Comment 2 Andrew Morton 2010-05-10 22:40:37 UTC
(recategorised as ACPI, although I don't think that's right). Rafael, could you please take a look? Shouldn't all the tasks be stopped at this stage? How can any task run to access the DVD while a suspend is in progress?
Comment 3 Rafael J. Wysocki 2010-05-10 23:13:02 UTC
Apparently, the driver doesn't survive suspend/resume if an application is attached to it while suspending. Ivan, does 2.6.34-rc7 still have this problem?
Comment 4 Ivan Volosyuk 2010-05-11 03:58:40 UTC
Created attachment 26329 [details] dmesg from 2.6.34-rc7 Yes, it is reproducible in 2.6.34-rc7. 'top' shows that one core is 100% busy doing io: Cpu0 : 0.3%us, 0.3%sy, 0.0%ni, 0.0%id, 99.3%wa, 0.0%hi, 0.0%si, 0.0%st Device becomes unusable - every process accessing it blocks. New process 'cat' trying to access the device hangs with following stacktrace: [ 2040.744572] INFO: task cat:14994 blocked for more than 120 seconds. [ 2040.744576] "echo 0 > /proc/sys/kernel/hung_task_timeout_secs" disables this message. [ 2040.744581] cat D c135f640 0 14994 14310 0x00000000 [ 2040.744590] f5942890 00200086 00000000 c135f640 f5942a24 00000001 c135f640 c135f640 [ 2040.744603] f5942890 00000001 f6fd4e10 f5942890 f6fd4e18 f6fd4e14 c120e107 00000002 [ 2040.744616] 00300000 00000000 f6fd4e18 f6fd4e18 f5942890 ffffffff 00000000 00000000 [ 2040.744629] Call Trace: [ 2040.744638] [<c120e107>] ? __mutex_lock_common+0x14a/0x1f2 [ 2040.744648] [<c120e1be>] ? __mutex_lock_slowpath+0xf/0x11 [ 2040.744655] [<c120df33>] ? mutex_lock+0x10/0x1d [ 2040.744663] [<c120df33>] ? mutex_lock+0x10/0x1d [ 2040.744671] [<c109dbed>] ? __blkdev_get+0x50/0x2bf [ 2040.744681] [<c109e3c8>] ? blkdev_open+0x0/0x87 [ 2040.744688] [<c109e424>] ? blkdev_open+0x5c/0x87 [ 2040.744697] [<c107f2af>] ? __dentry_open+0x120/0x207 [ 2040.744706] [<c107f426>] ? nameidata_to_filp+0x29/0x39 [ 2040.744714] [<c10884af>] ? do_last+0x376/0x46e [ 2040.744721] [<c108894c>] ? do_filp_open+0x3a5/0x460 [ 2040.744732] [<c107f097>] ? do_sys_open+0x49/0xe2 [ 2040.744740] [<c107f174>] ? sys_open+0x1e/0x23 [ 2040.744747] [<c1002650>] ? sysenter_do_call+0x12/0x26 I am able to pull the git version of kernel if you make a fix for this.
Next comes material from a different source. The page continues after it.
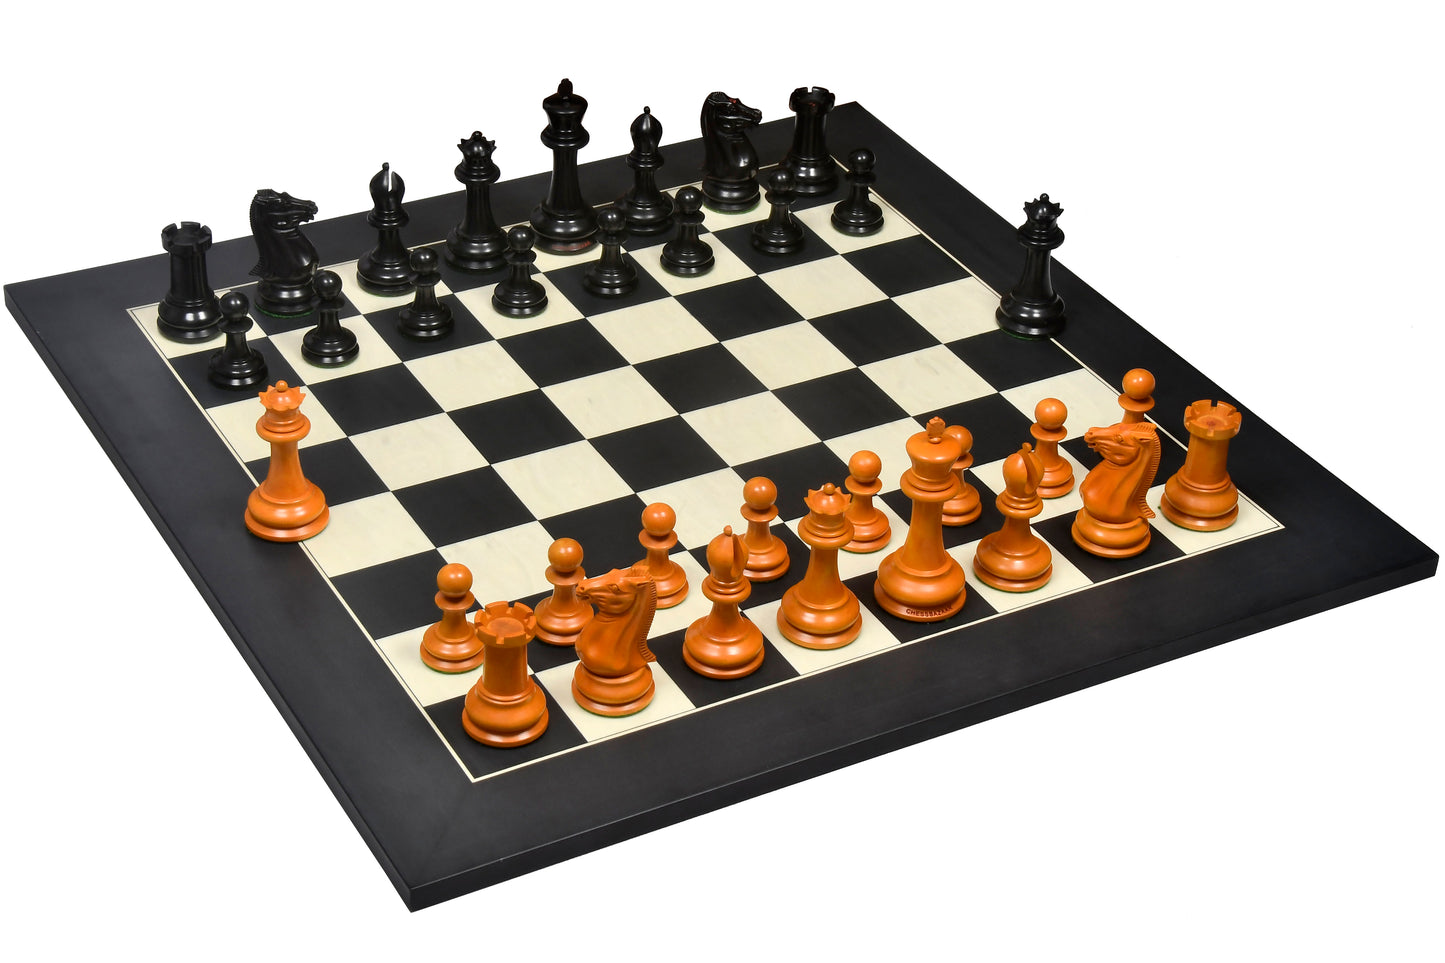 Reproduced 1850 Morphy Chess Pieces Only V2.0 in Ebony / Antiqued Box wood with King Side Stamping - 4.4" King

Comment 5 Ivan Volosyuk 2010-05-17 11:50:09 UTC
Reproducible on 2.6.34. Is it possible to workaround the problem to invalidate all open files before suspend? Or does the ide-cd driver normally survives the suspend/resume cycle? I'm going to try force module unload for 'ide_cd_mod'.
Comment 6 Rafael J. Wysocki 2011-01-16 22:32:40 UTC
Is the problem still present in 2.6.37?
Comment 7 Ivan Volosyuk 2011-01-17 00:04:53 UTC
Let me build the 2.6.37. For now I can say that it is reproducible on 22.214.171.124 with tuxonice-3.2-rc2 patch.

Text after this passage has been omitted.